Ini menunjukkan upaya signifikan dan berkelanjutan Indonesia dalam menangani AMR di sektor kesehatan manusia, kesehatan hewan, dan lingkungan melalui pendekatan One Health
Jakarta (ANTARA) - Kementerian Koordinator Bidang Pembangunan Manusia dan Kebudayaan (Kemenko PMK) mengatakan pelaksanaan Rencana Aksi Nasional Pengendalian Resistensi Antimikroba (RAN PRA) sejauh ini telah menunjukkan hasil yang positif.

Hal itu disampaikan oleh Pelaksana tugas (Plt) Deputi Bidang Koordinasi Peningkatan Kualitas Kesehatan dan Pembangunan Kependudukan Kemenko PMK R. Nunung Nuryartono berdasarkan hasil monitoring dan evaluasi RAN PRA tahun 2020-2024.

"Ini menunjukkan upaya signifikan dan berkelanjutan Indonesia dalam menangani AMR di sektor kesehatan manusia, kesehatan hewan, dan lingkungan melalui pendekatan One Health," ujar Nunung dalam keterangan resmi yang diterima di Jakarta, Selasa.

Menurutnya, pencapaian yang diraih ini sangat berarti mengingat tantangan kompleks dalam mencapai pengendalian resistensi antimikroba (AntiMicrobial Resistance/AMR) yang berkelanjutan dan komprehensif. Nunung mendorong agar hasil ini perlu di tingkatkan, terutama pada pengendalian resistensi antimikroba di sektor kesehatan.

Baca juga: Wamenkes: GeMa CerMat langkah vital guna cegah resistensi antimikroba

"Secara umum pelaksanaan RAN PRA 2020-2024 telah mencerminkan komitmen kuat Indonesia untuk meningkatkan pengendalian AMR melalui langkah-langkah mitigasi terhadap risiko bahaya AMR di masa mendatang," ujar Nunung.

Direktur Kesehatan Hewan Direktorat Jenderal Peternakan dan Kesehatan Hewan Kementerian Pertanian (Kementan) Imron Suandy menyoroti peran vital kesehatan hewan dalam strategi pengendalian resistensi antimikroba melalui pendekatan One Health.

“Kemajuan dalam menangani AMR di kesehatan hewan adalah bukti dari upaya kepedulian kami dalam melindungi masyarakat secara berkelanjutan," kata Imron.

Melalui penerapan regulasi dan kebijakan yang tegas serta dengan dukungan sektor swasta, baik di industri obat hewan maupun industri perunggasan komersial, dapat mengakselerasi pencegahan penyebaran AMR dari hewan.

Imron menjelaskan regulasi pelarangan Antibiotic Growth Promoter (AGP) & colistin di peternakan unggas komersial berpengaruh terhadap penurunan resistansi dan tingkat Extended-Spectrum Beta-Lactamases (ESBL) atau enzim yang menyebabkan bakteri kebal terhadap obat pembasmi bakteri (antibiotik) di peternakan.
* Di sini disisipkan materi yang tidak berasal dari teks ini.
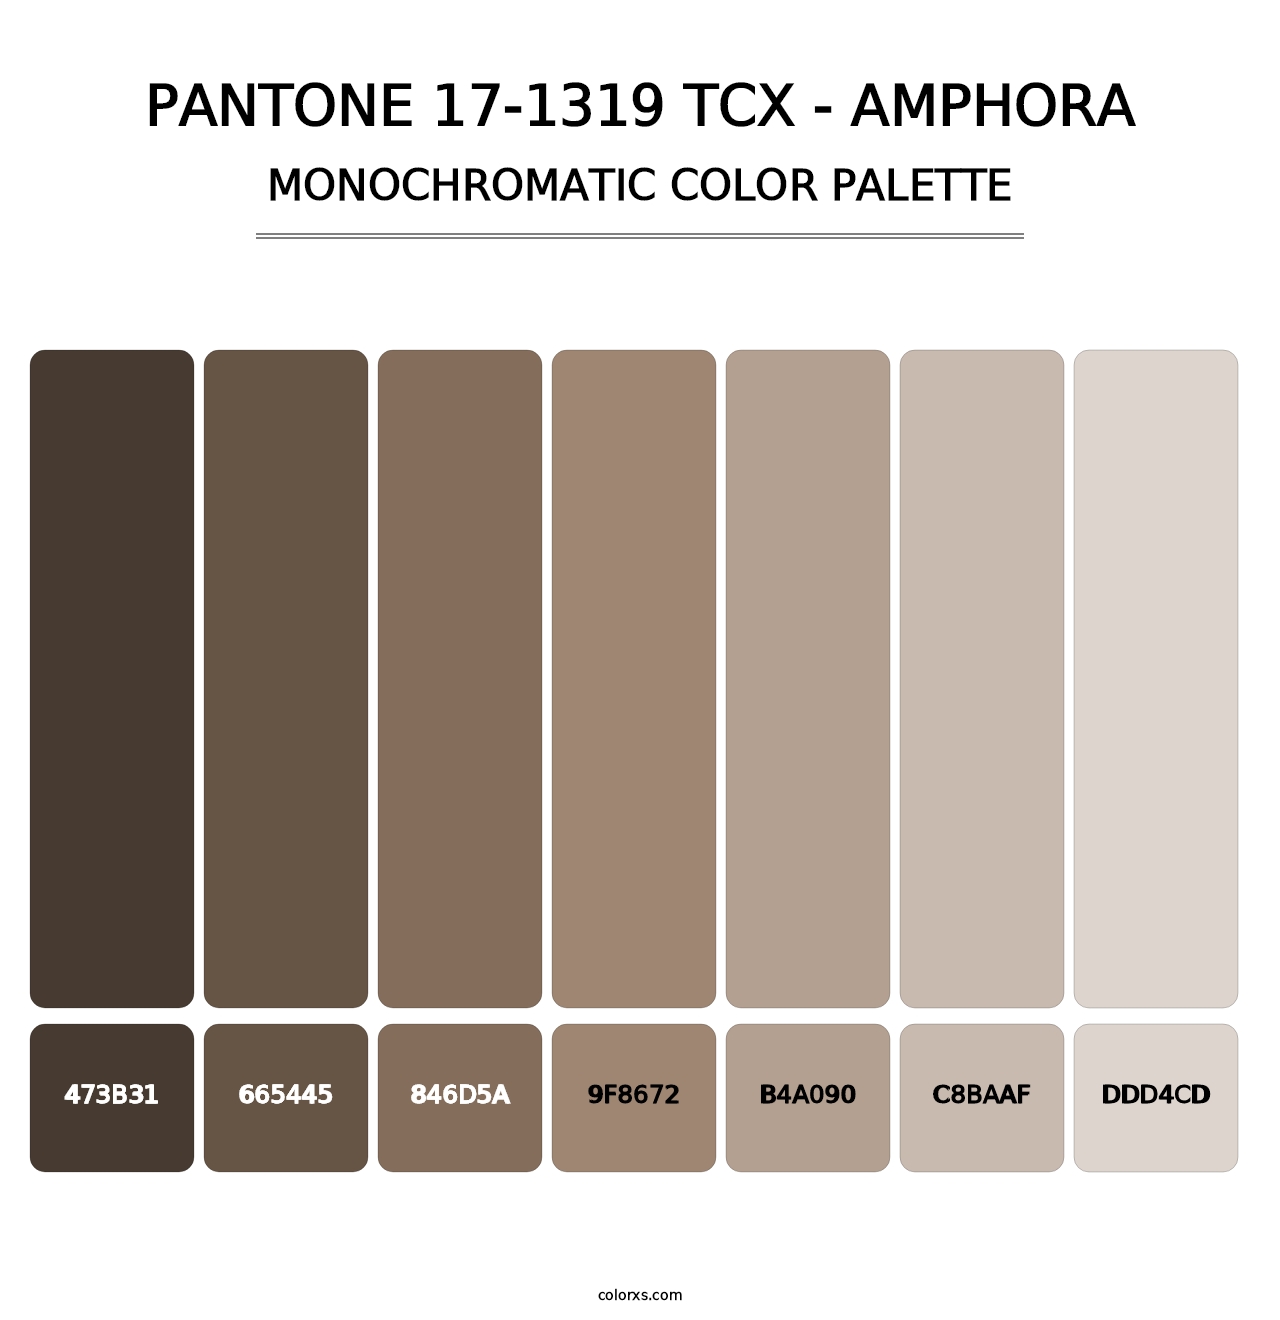 PANTONE 17-1319 TCX - Amphora - Monochromatic Color Palette

Baca juga: Kemenkes-WHO luncurkan strategi nasional cegah kematian akibat AMR

Hal ini didukung oleh kesadaran pihak industri untuk selalu memperbaiki praktik, terutama dalam hal mengurangi penggunaan antimikroba untuk profilaksis dan meningkatkan penerapan biosekuriti guna mencegah terjadinya infeksi.

Sementara itu Direktur Jenderal Pelayanan Kesehatan Kementerian Kesehatan (Kemenkes) Azhar Jaya mengatakan meskipun upaya pengendalian resistensi antimikroba telah membuat beberapa langkah maju, hasil ini menunjukkan beberapa area utama memerlukan perhatian lebih terfokus.

Misalnya, penurunan kasus ESBL dan penggunaan antimikroba yang rasional di fasilitas kesehatan belum mencapai target.

Azhar mengemukakan pihaknya berkomitmen mengatasi tantangan ini melalui Strategi Nasional Pengendalian AMR untuk sektor kesehatan manusia yang baru diluncurkan dan akan menjadi dasar bagi rencana aksi nasional lintas sektoral berikutnya.

"Dengan memperkuat kolaborasi dengan berbagai pemangku kepentingan, kami bertujuan meningkatkan pengendalian AMR di Indonesia secara signifikan," kata Azhar.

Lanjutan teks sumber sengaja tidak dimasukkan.